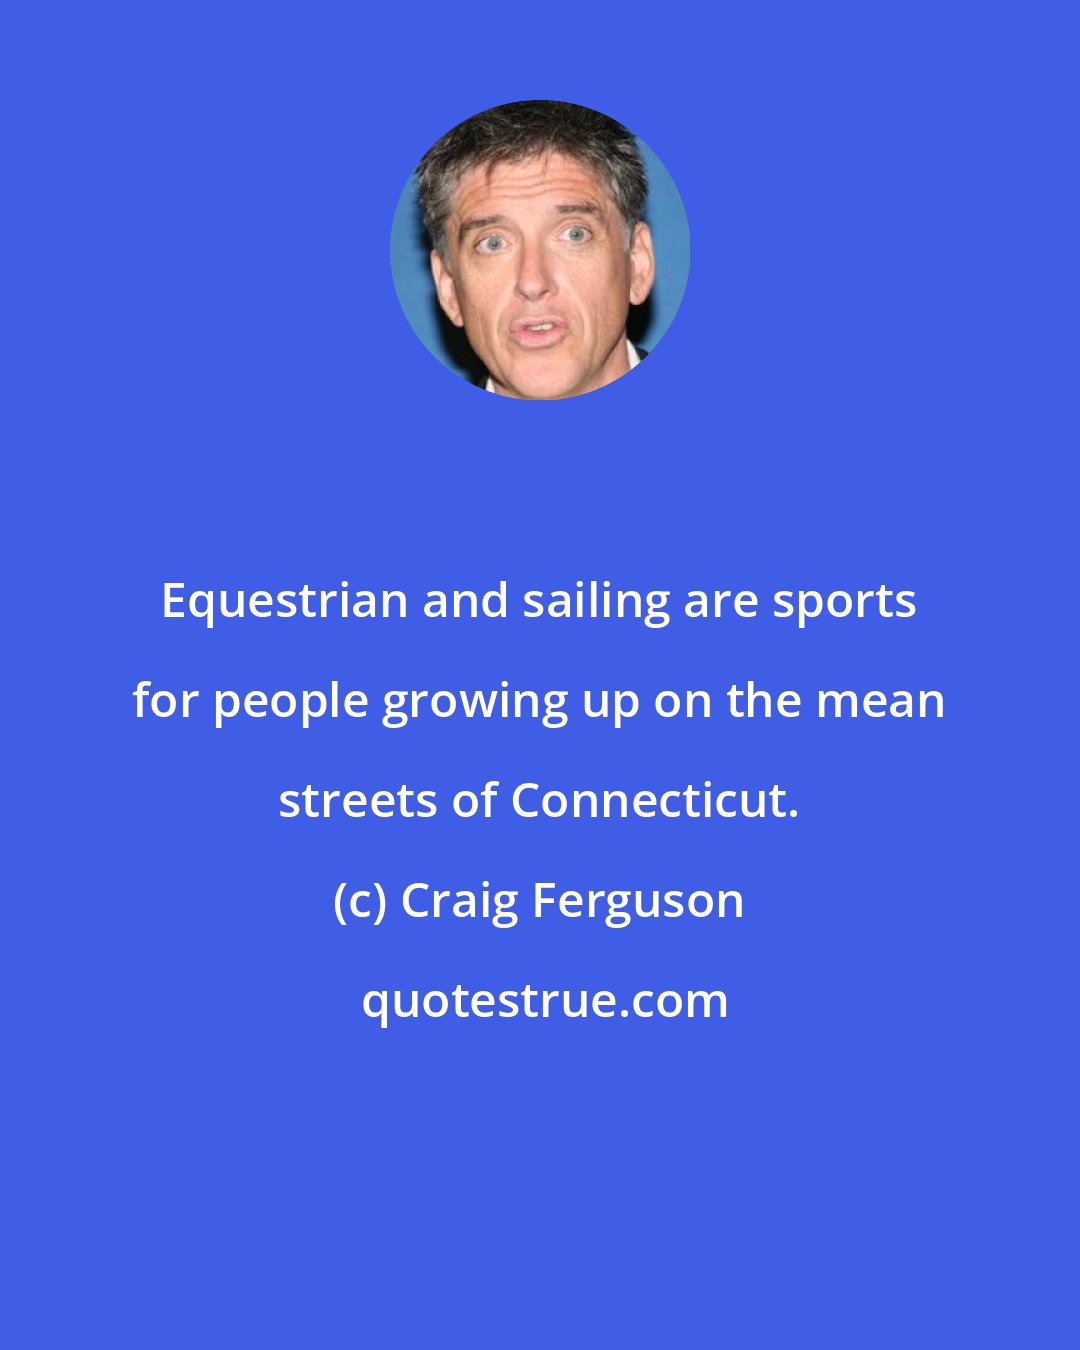 Craig Ferguson: Equestrian and sailing are sports for people growing up on the mean streets of Connecticut.
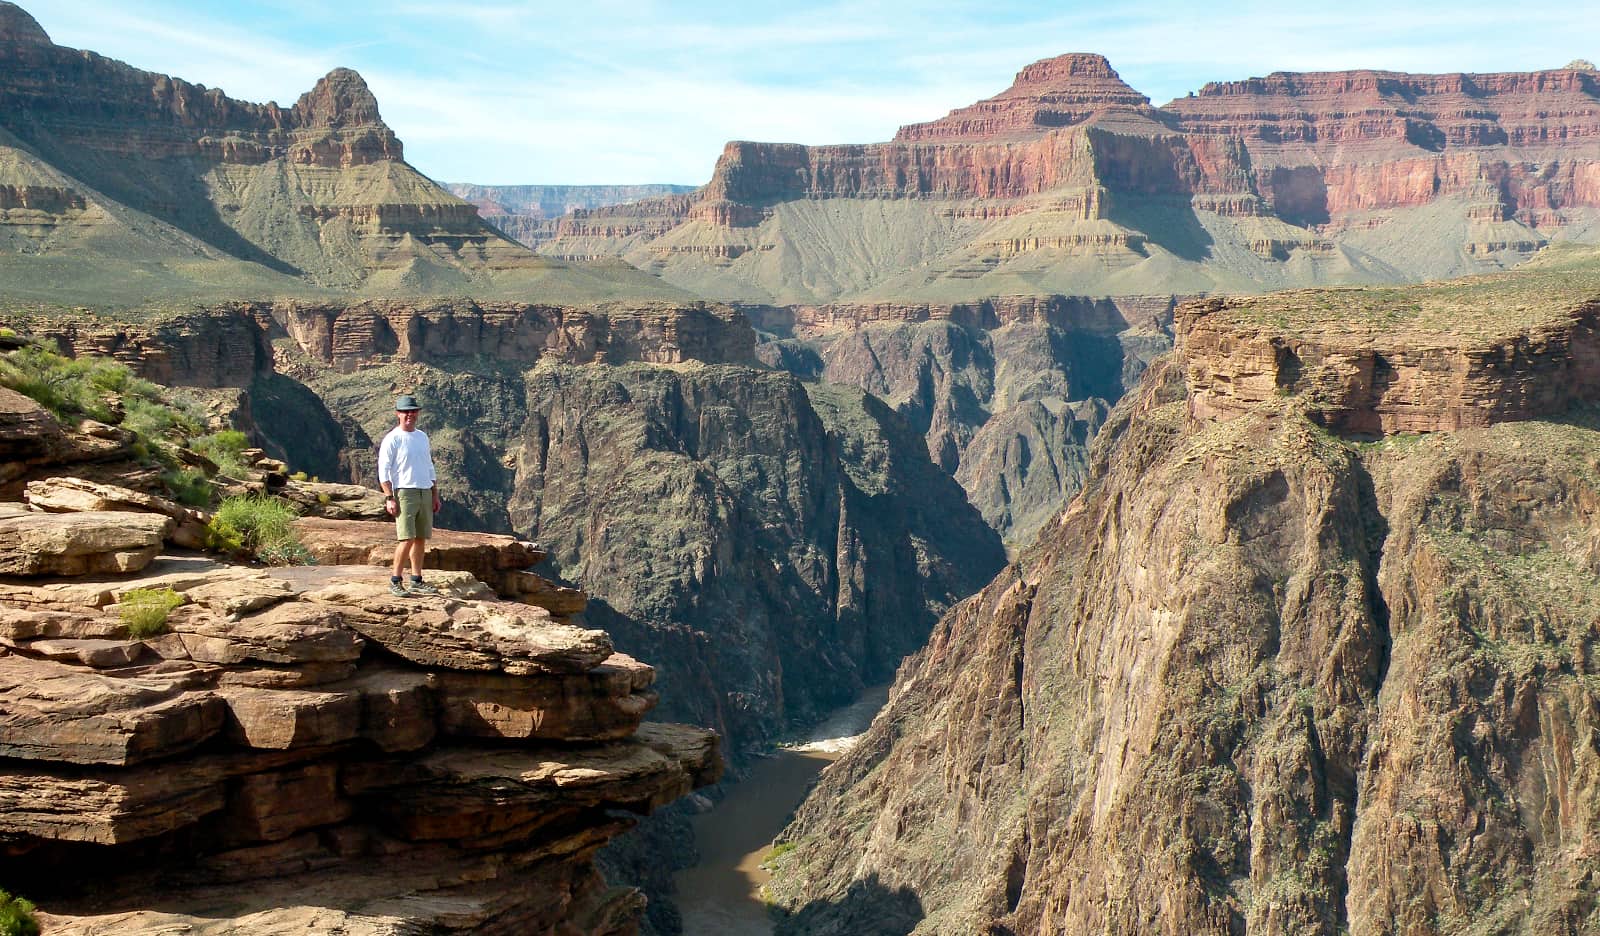 Person standing on edge of canyon
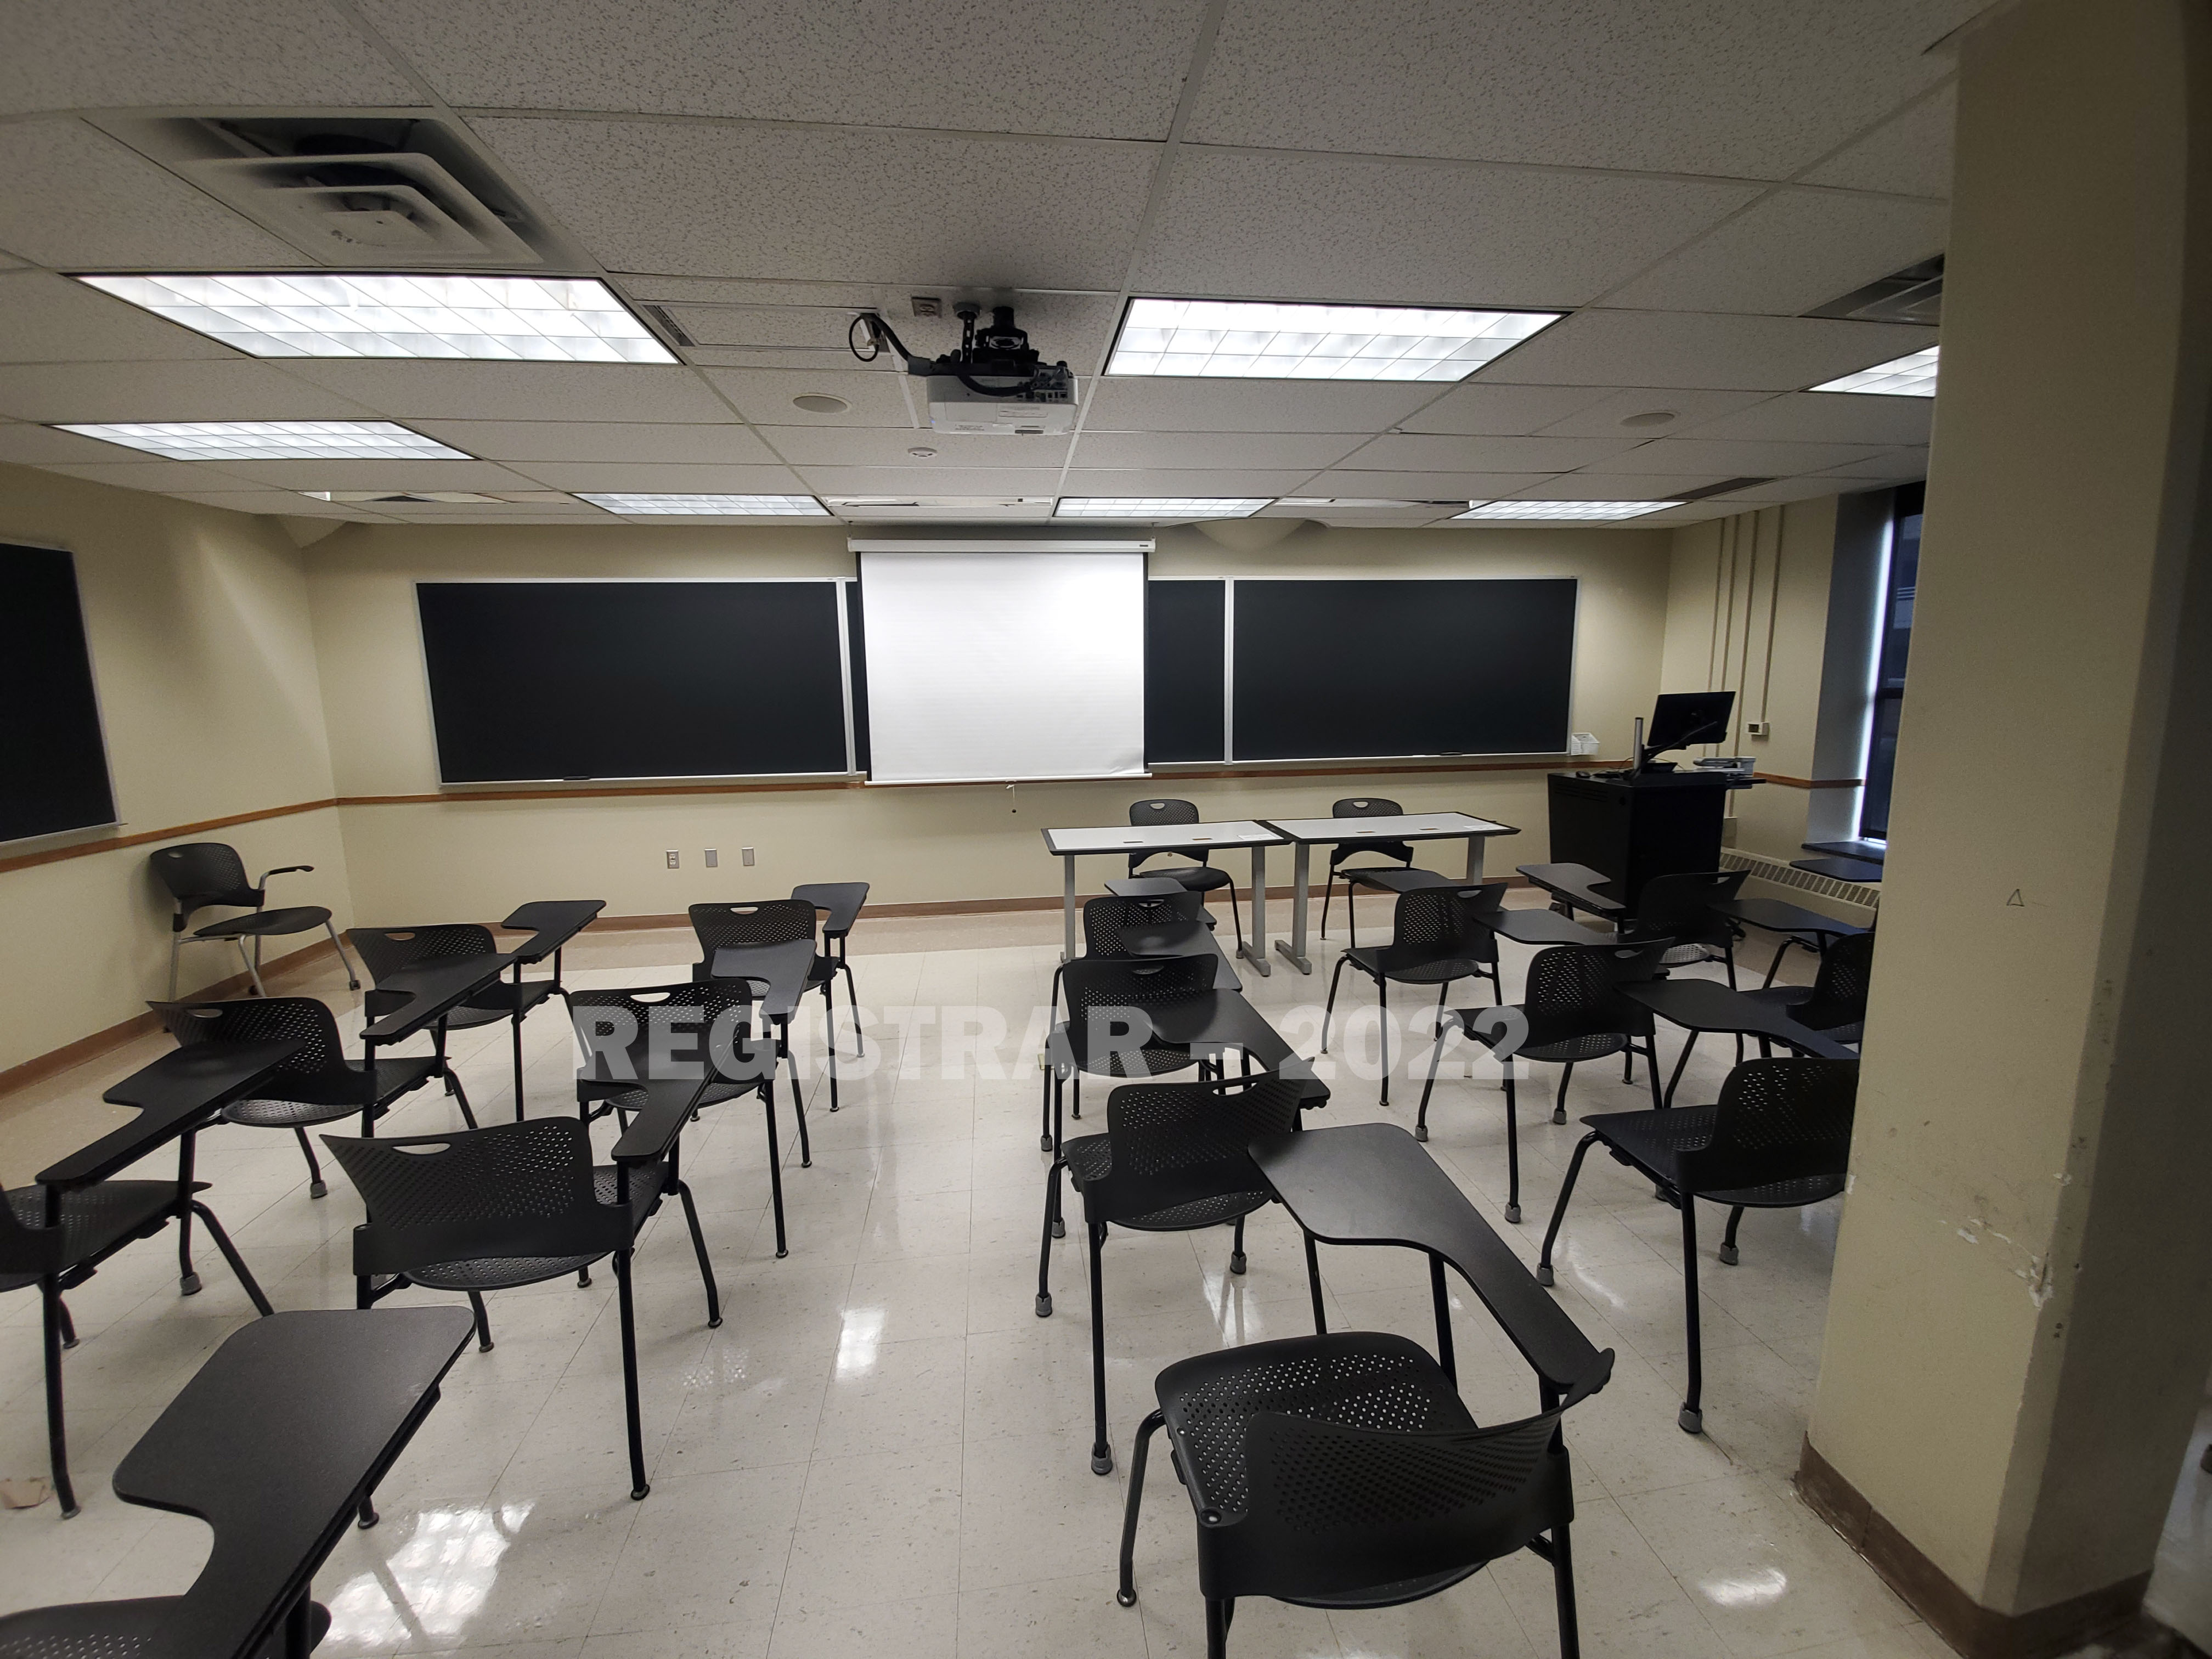 Enarson Classroom Building room 222 ultra wide angle view from the back of the room with projector screen down
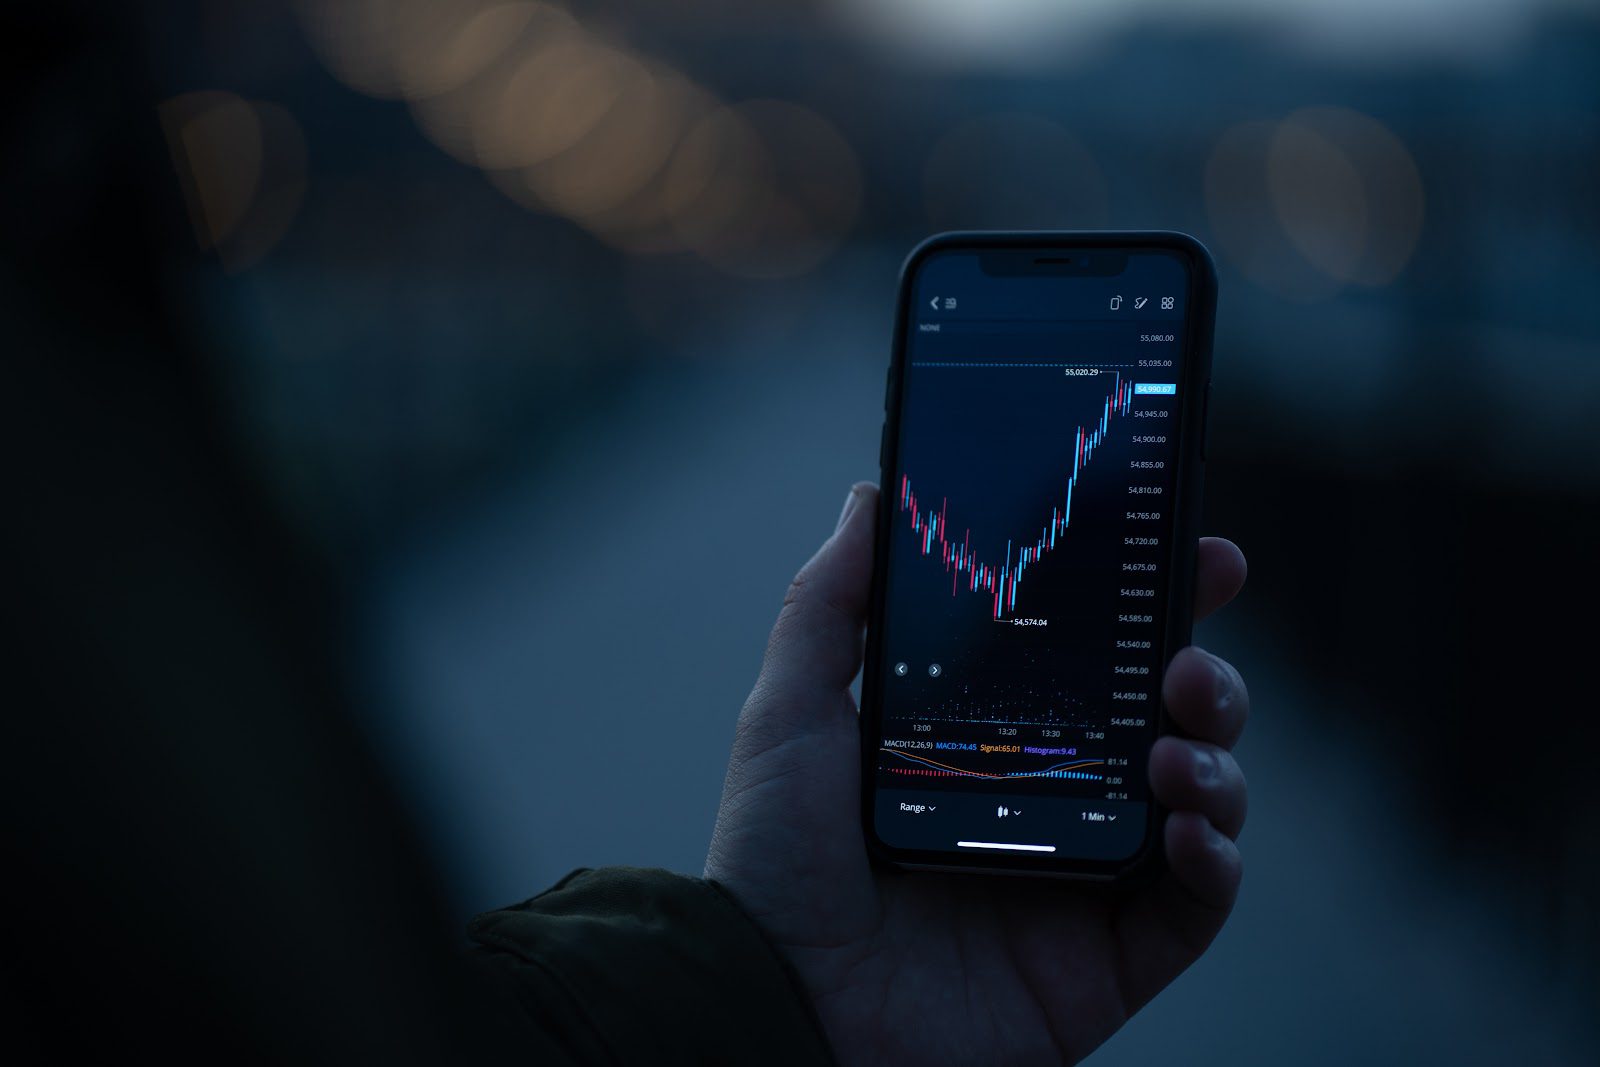 Businessman or trader using mobile phone to check real time stock market data while standing outdoors, selective focus on male hand holding smartphone with forex graph chart

Aim of the exercise
With pictures left out, transcribe each line from the one containing "Enarson Classroom Building" through the end of the data, both ends included.

Answer for this exercise
 Enarson Classroom Building room 222 ultra wide angle view from the back of the room with projector screen down
 Businessman or trader using mobile phone to check real time stock market data while standing outdoors, selective focus on male hand holding smartphone with forex graph chart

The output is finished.